WORK TASK:
What is needed here is an exact printout of the data, with no pictures included.

DATA SHOWN:
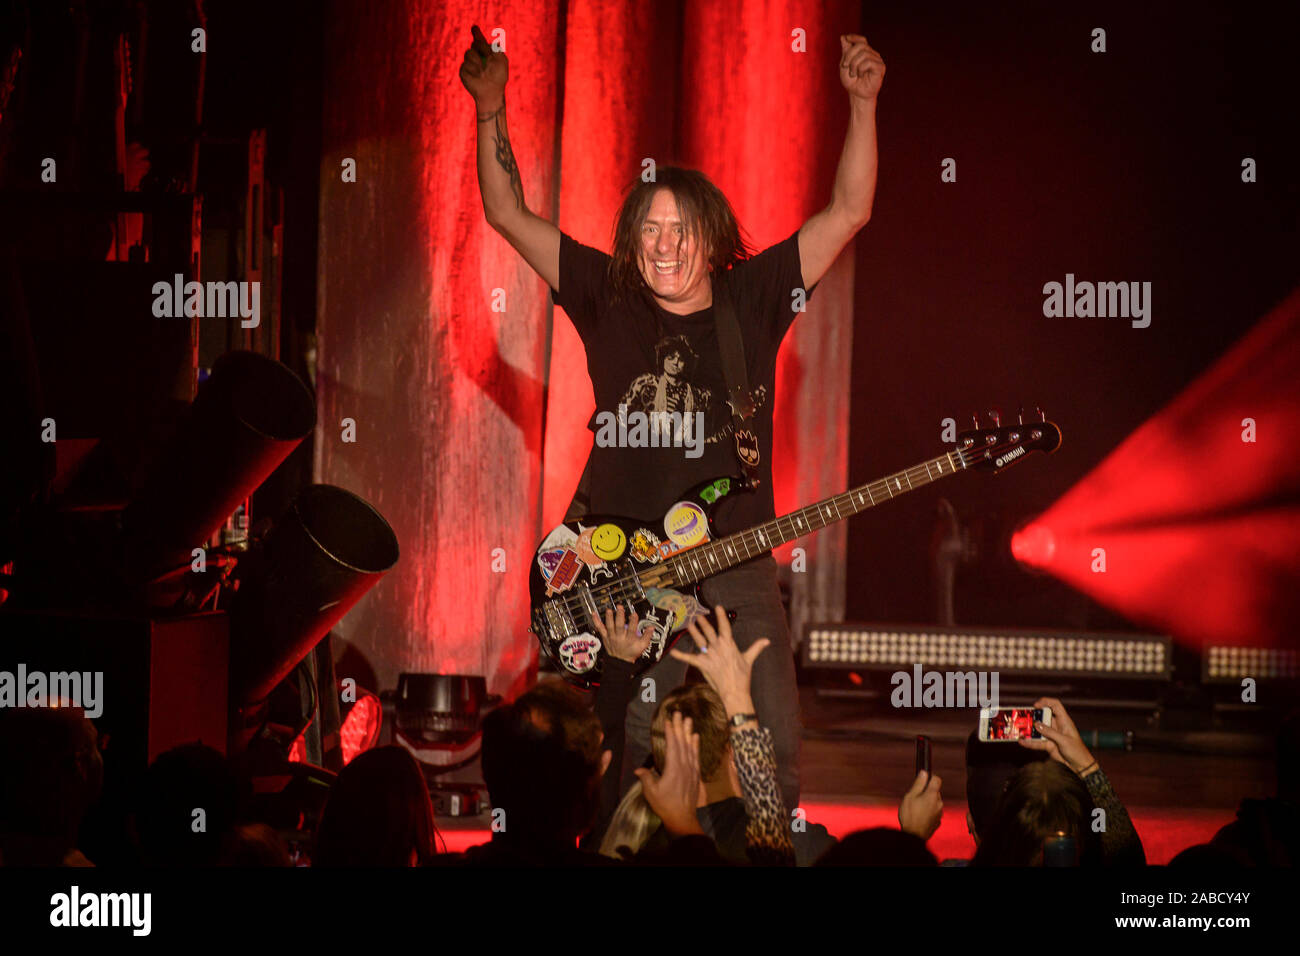 TORONTO, CANADA, NOVEMBER 25, 2019:Robby Takac of American rock band Goo Goo Dolls, performs during a sold out show in Toronto. Stock Photo
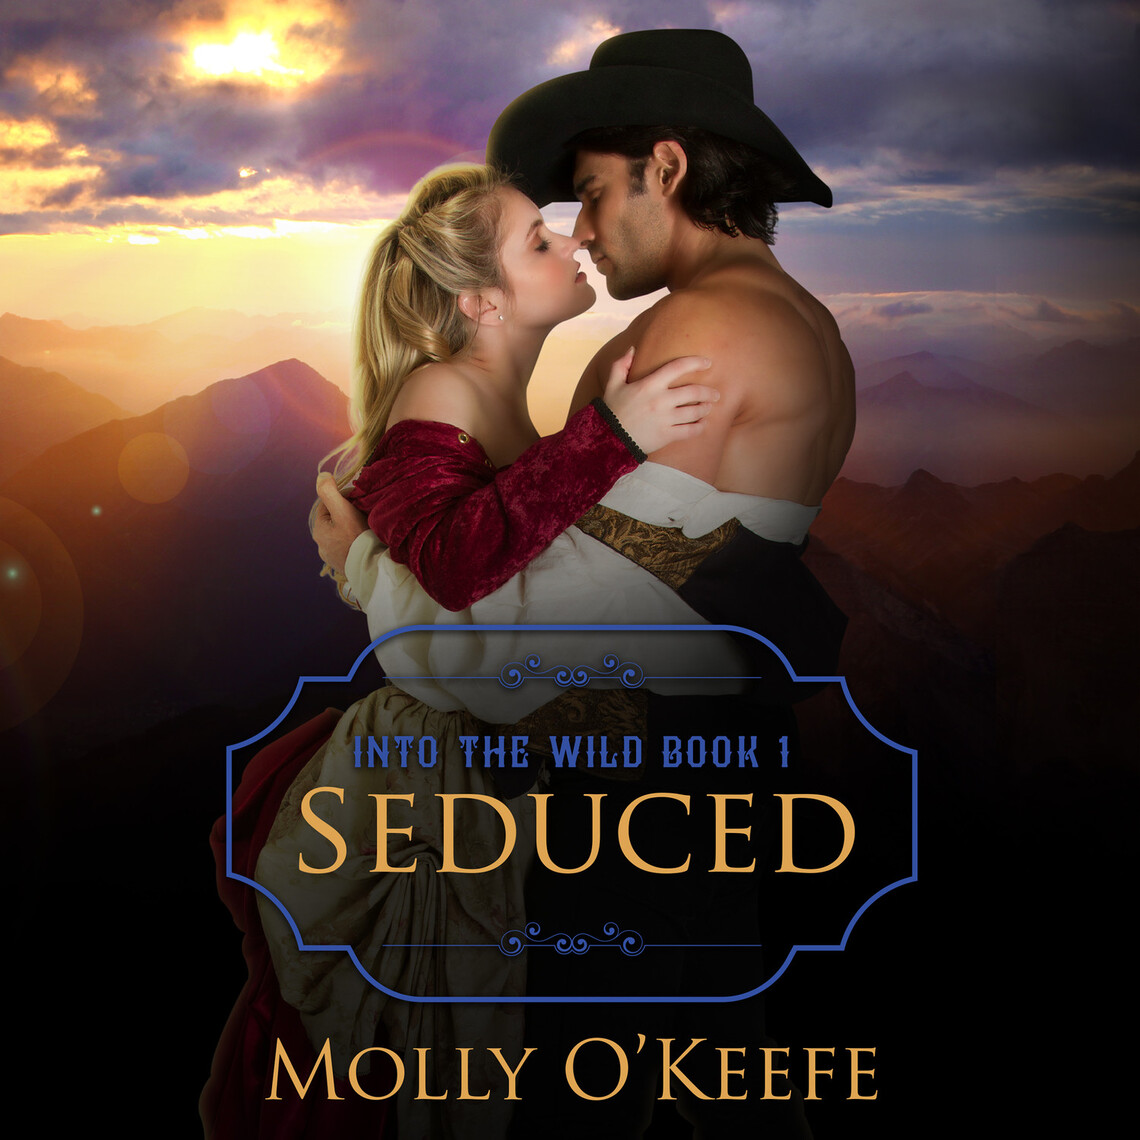 Seduced by Molly OKeefe picture image
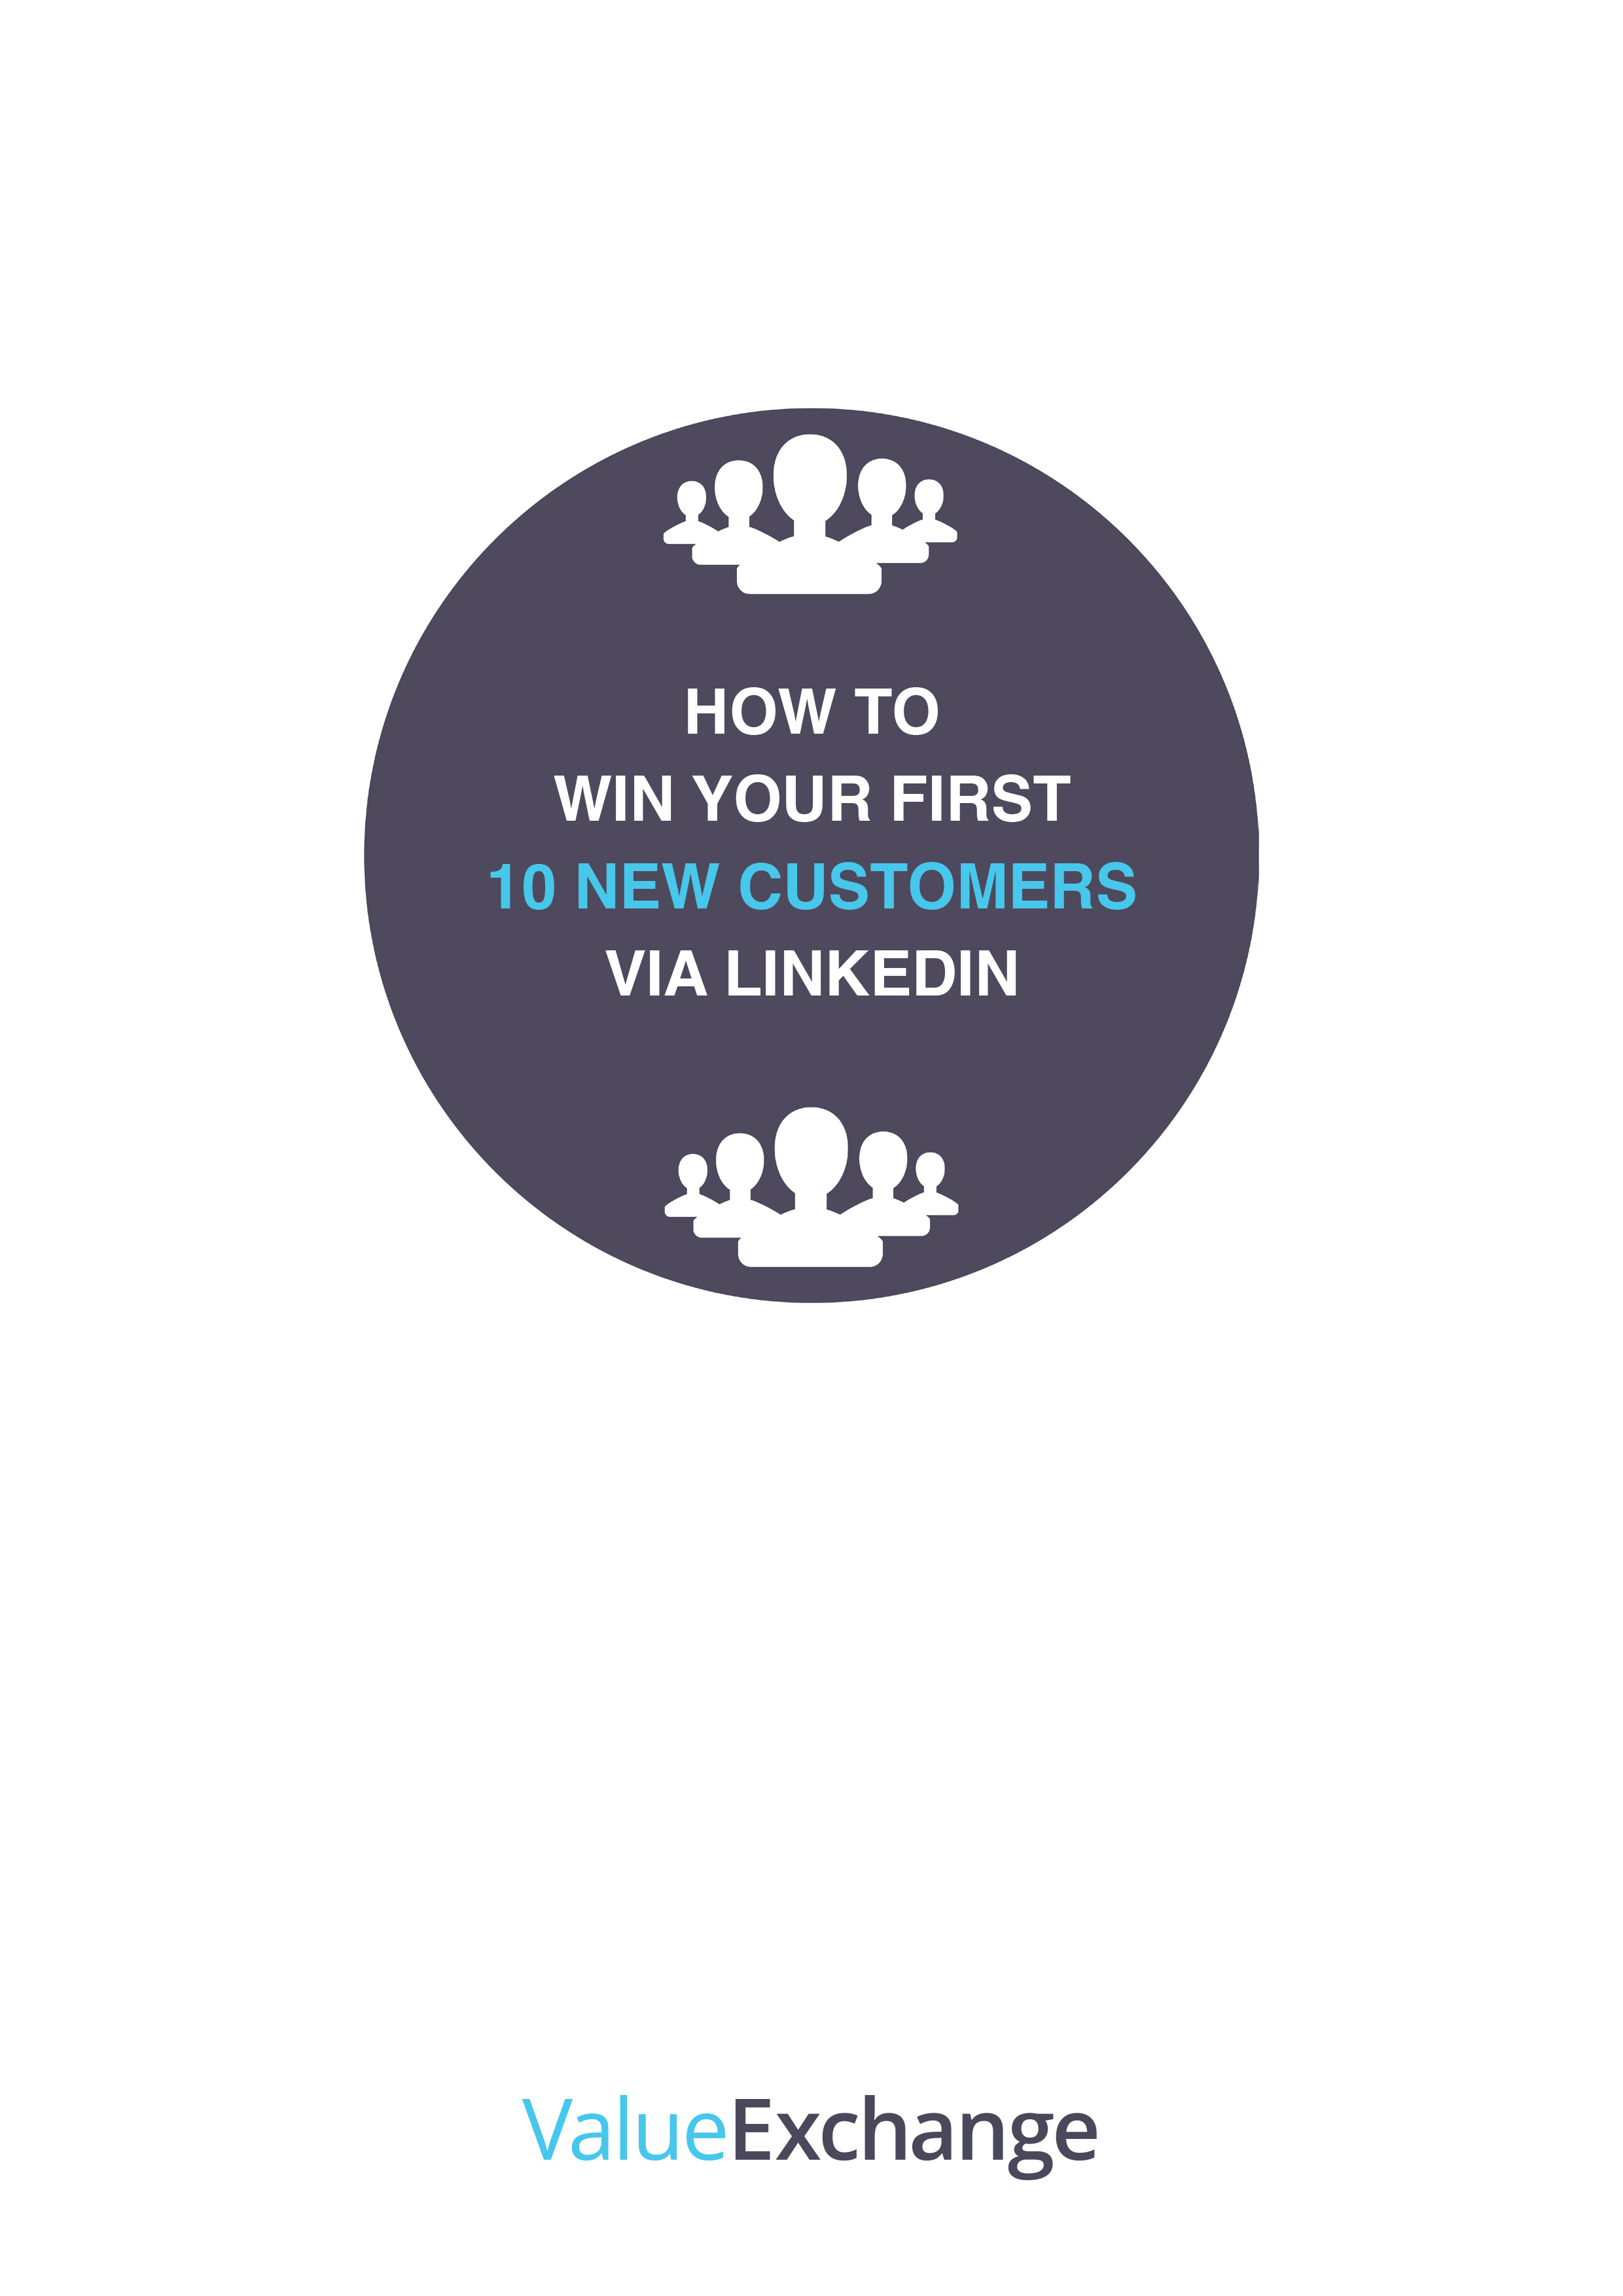 How to Win Your First Ten New Customers Via LinkedIn Resource by Nigel Cliffe
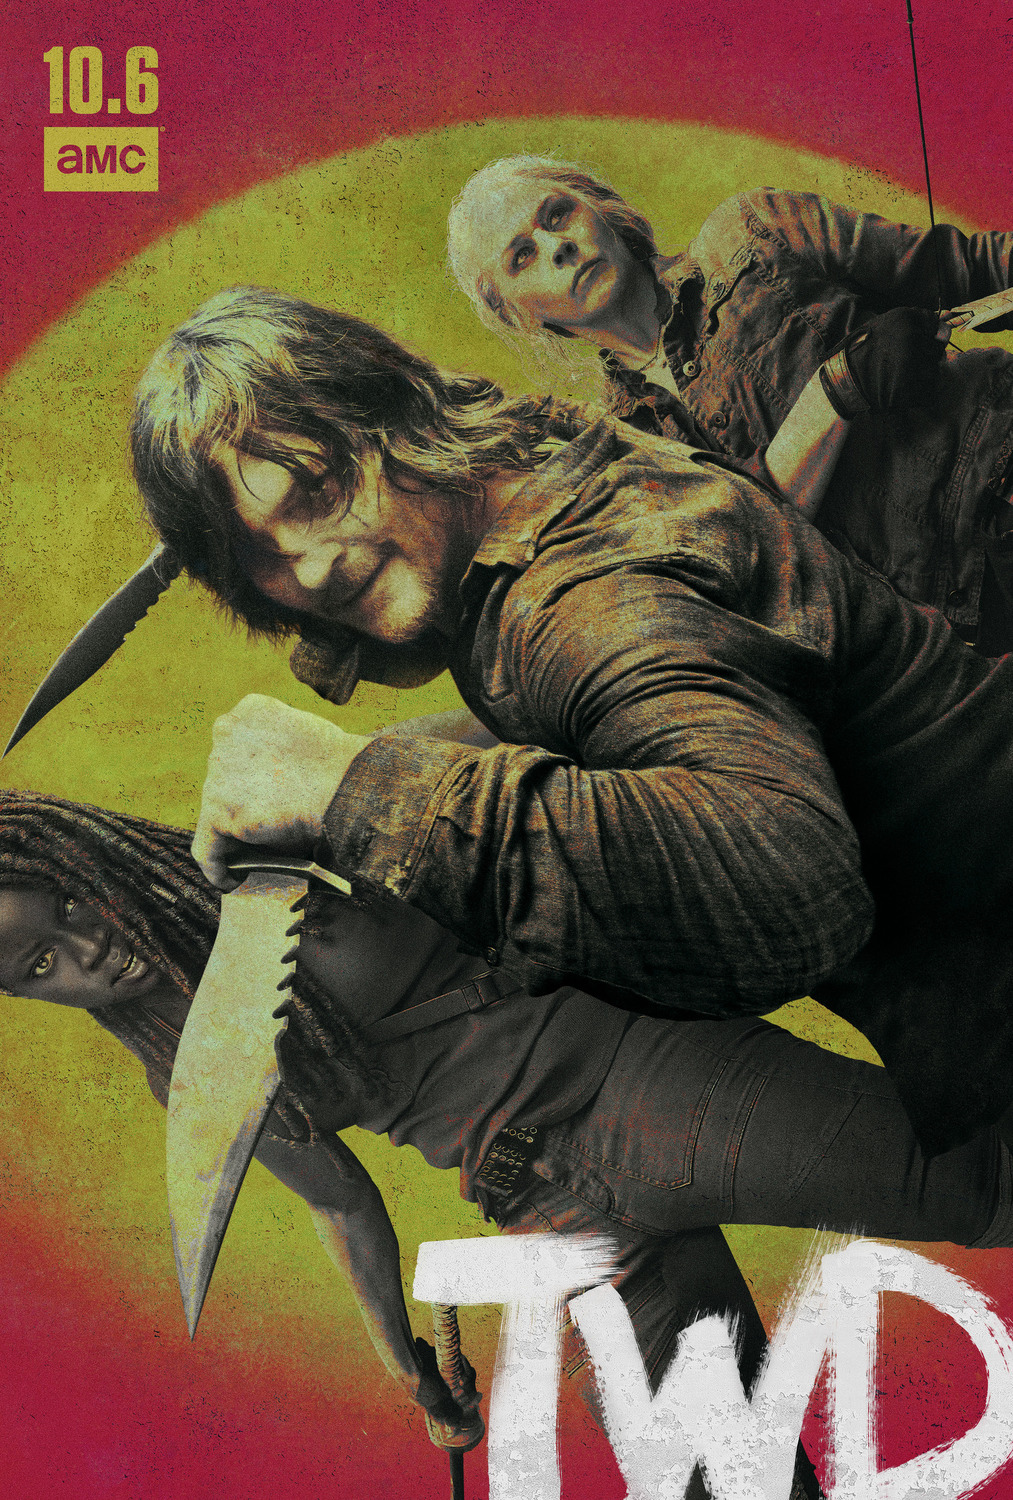 Extra Large TV Poster Image for The Walking Dead (#59 of 67)

EXPECTED ANSWER:
 TORONTO, CANADA, NOVEMBER 25, 2019:Robby Takac of American rock band Goo Goo Dolls, performs during a sold out show in Toronto. Stock Photo
 Seduced by Molly OKeefe picture image
 How to Win Your First Ten New Customers Via LinkedIn Resource by Nigel Cliffe
 Extra Large TV Poster Image for The Walking Dead (#59 of 67)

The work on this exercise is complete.